Within the records that follow, restate exactly the lines from the line with "busunge lit extensible" down to the line with "28 Easy Curly", including both. Omit the pictures.

▶ _Material supplied_:
• • • • • • •

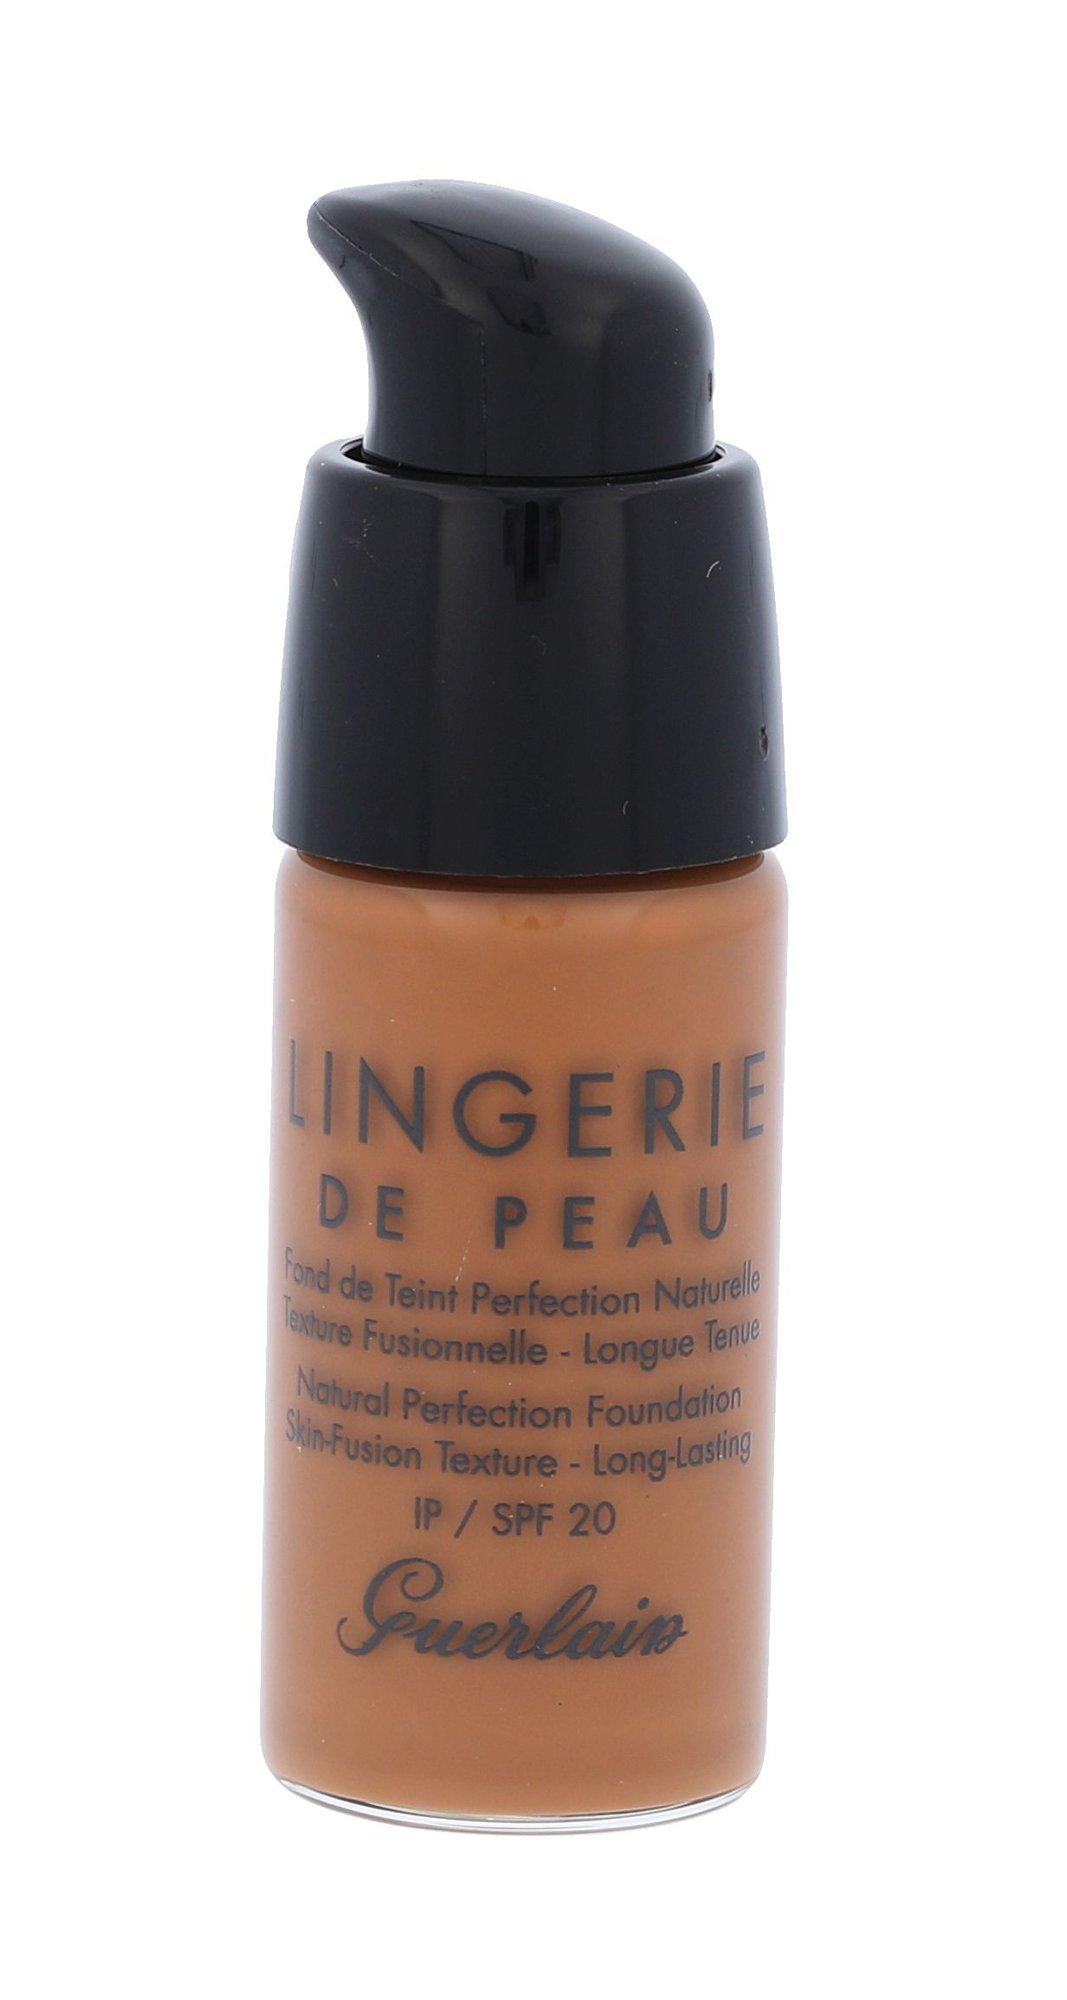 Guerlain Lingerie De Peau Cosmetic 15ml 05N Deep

• • • • • • •

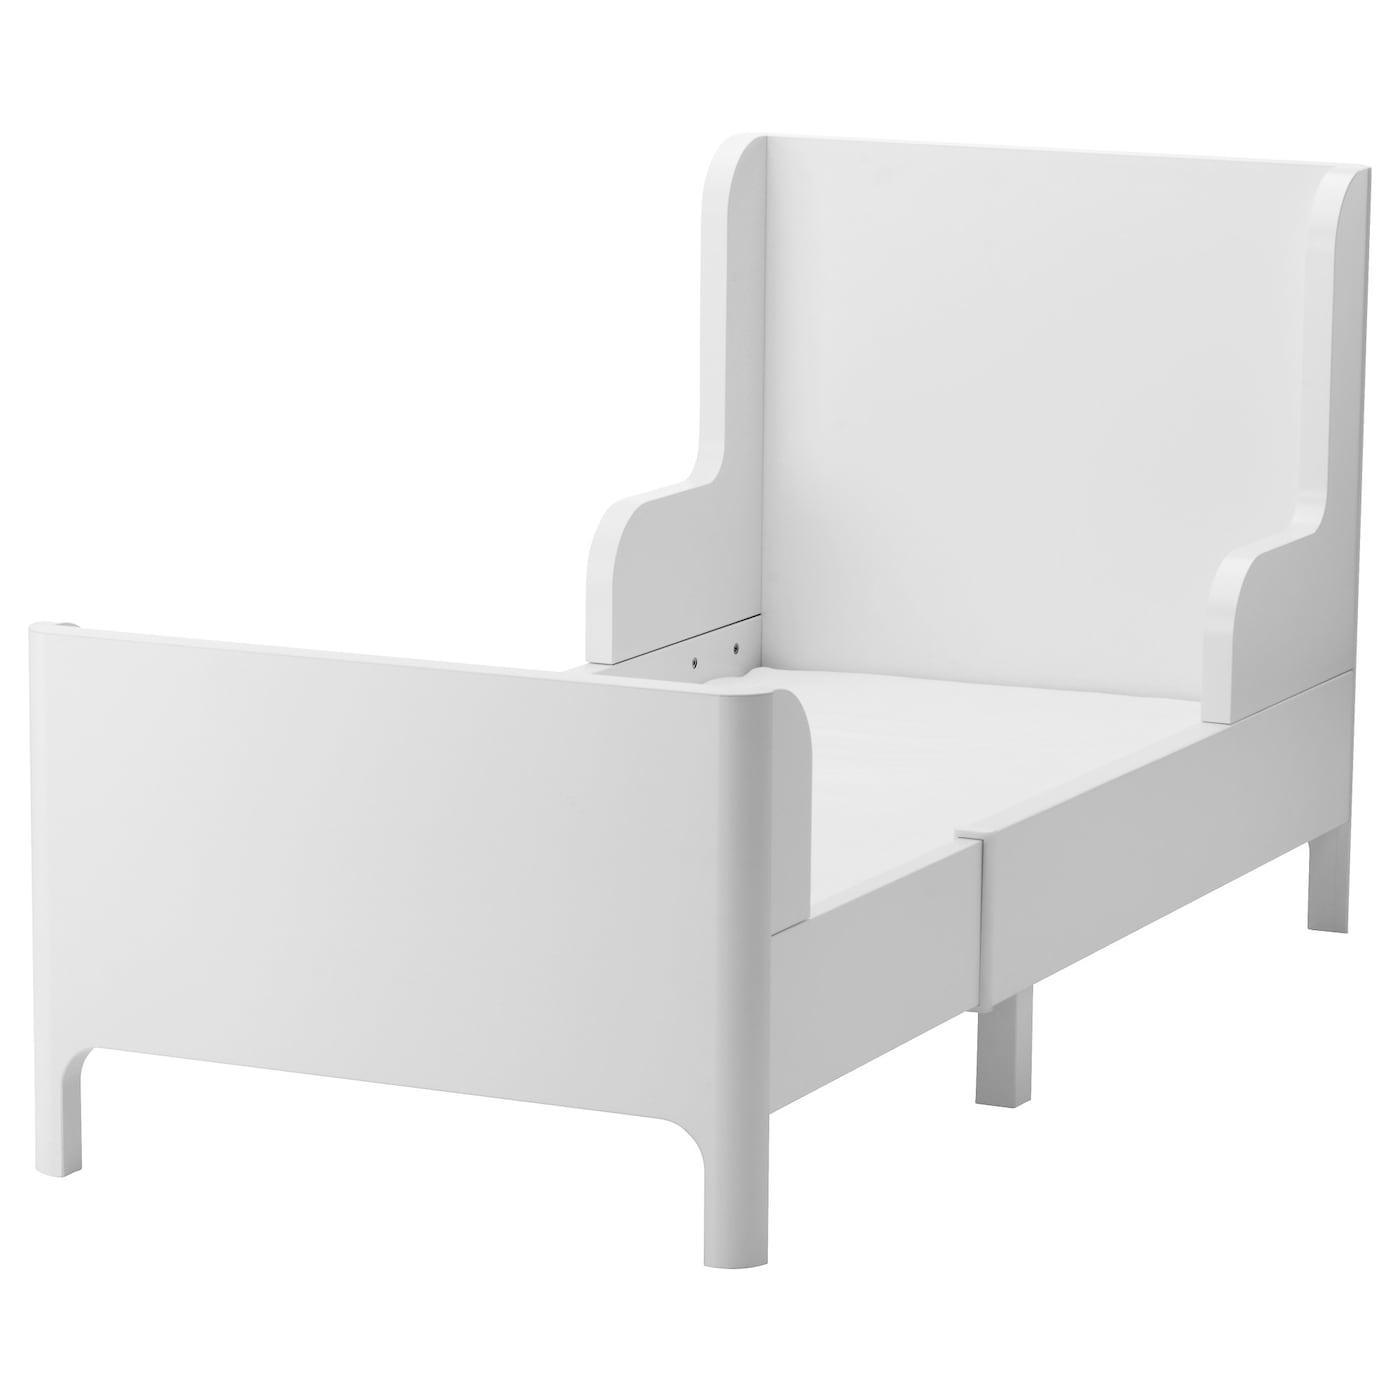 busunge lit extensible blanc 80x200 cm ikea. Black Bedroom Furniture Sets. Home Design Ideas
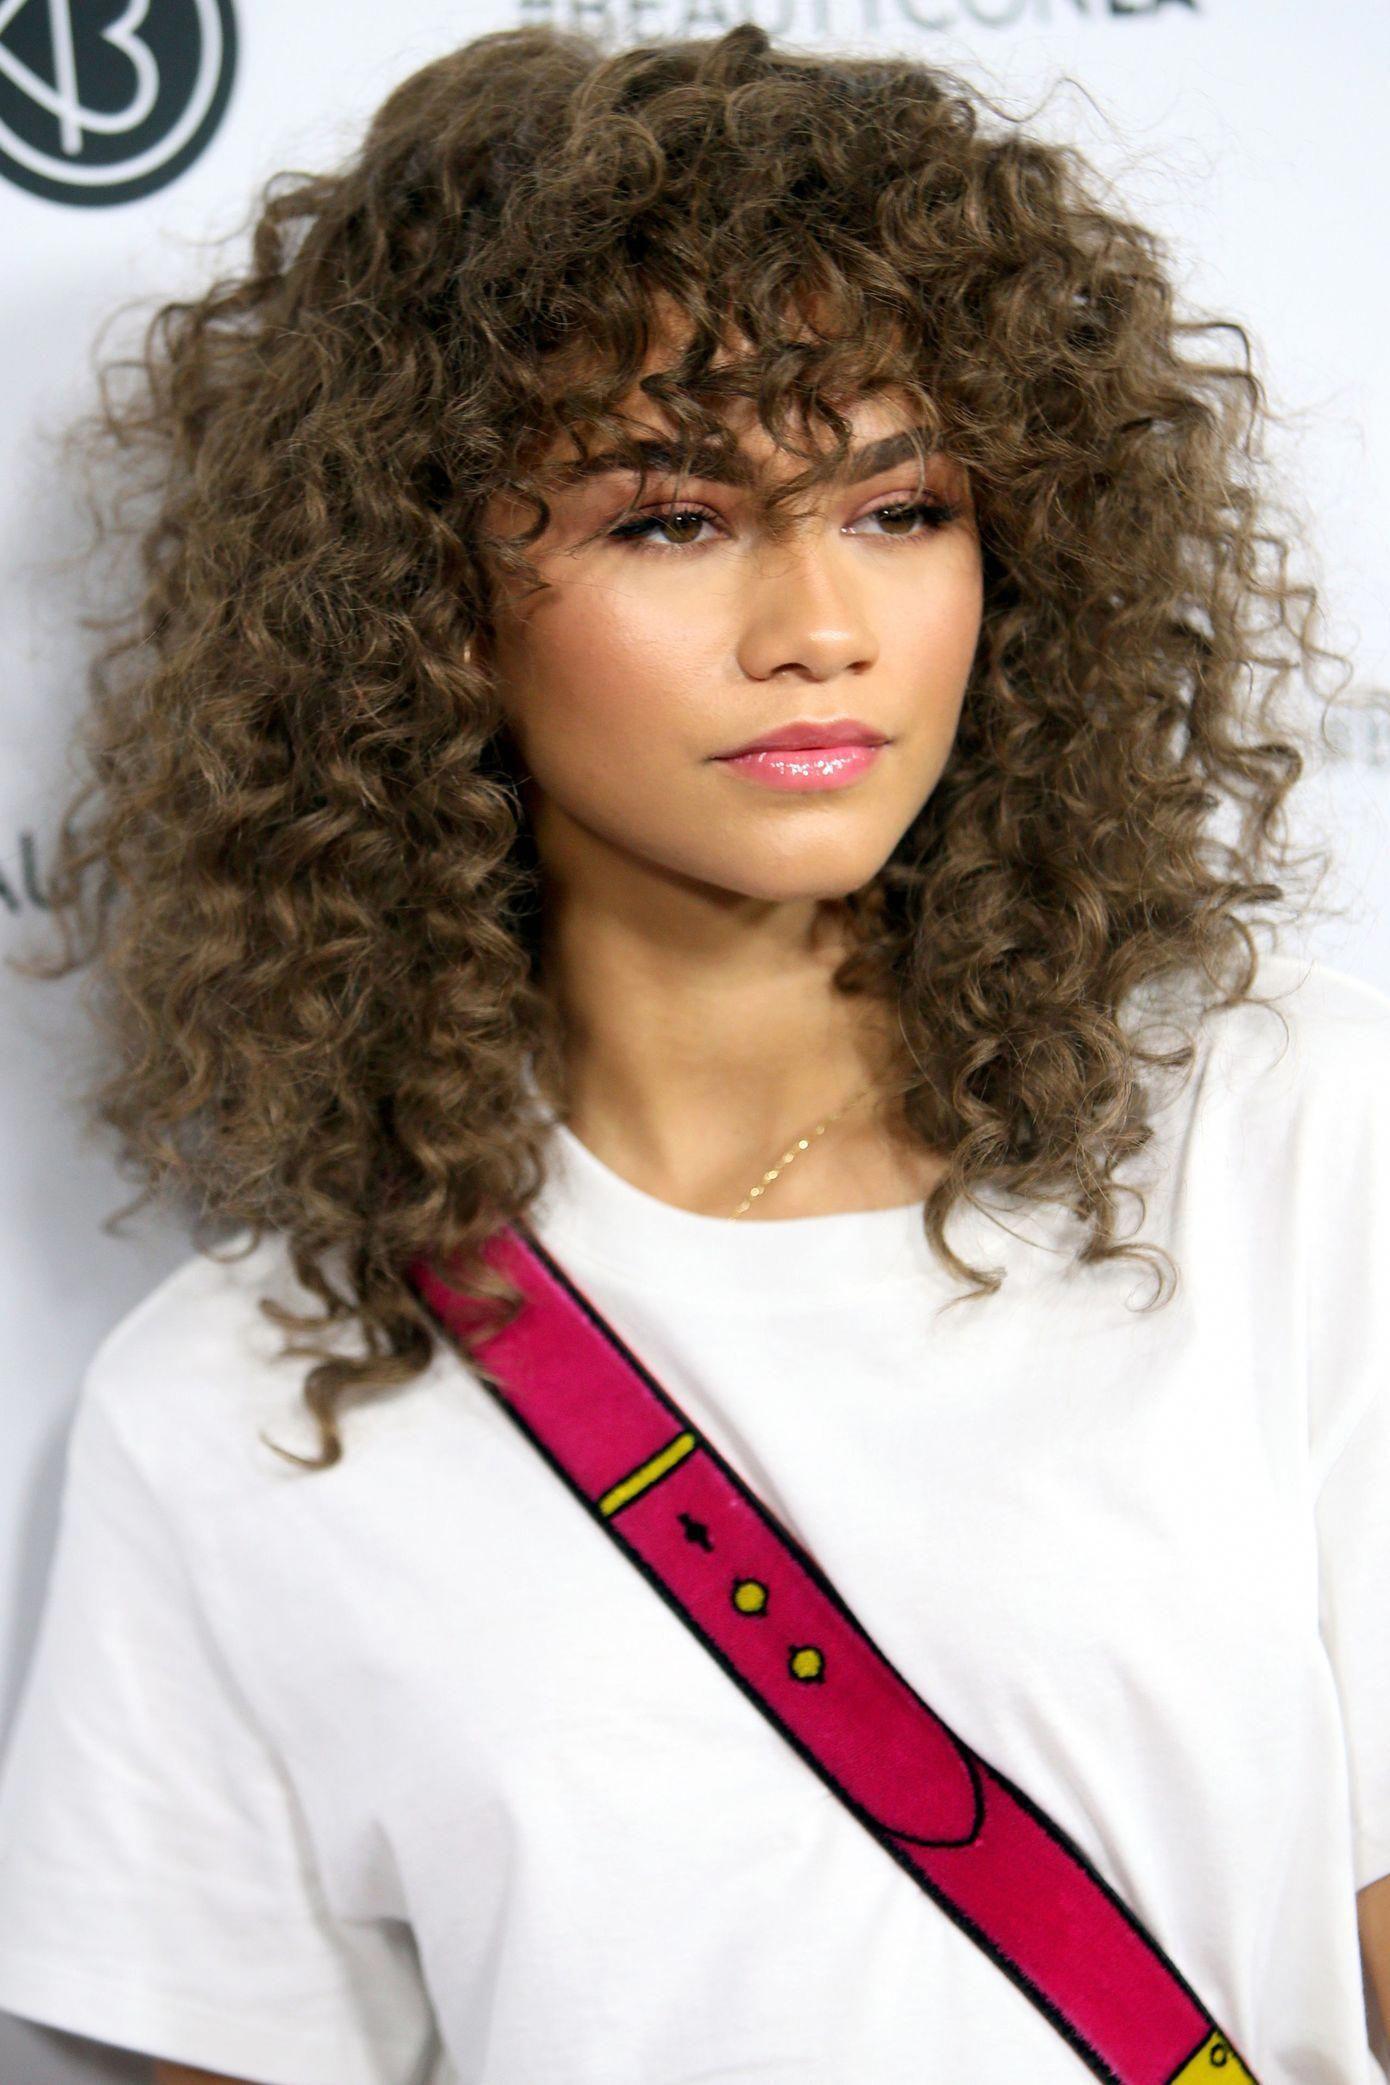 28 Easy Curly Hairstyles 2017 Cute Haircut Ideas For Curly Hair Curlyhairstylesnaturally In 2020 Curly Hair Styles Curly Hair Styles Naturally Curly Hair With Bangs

• • • • • • •

▶ _Response to this task_:
 busunge lit extensible blanc 80x200 cm ikea. Black Bedroom Furniture Sets. Home Design Ideas
 28 Easy Curly Hairstyles 2017 Cute Haircut Ideas For Curly Hair Curlyhairstylesnaturally In 2020 Curly Hair Styles Curly Hair Styles Naturally Curly Hair With Bangs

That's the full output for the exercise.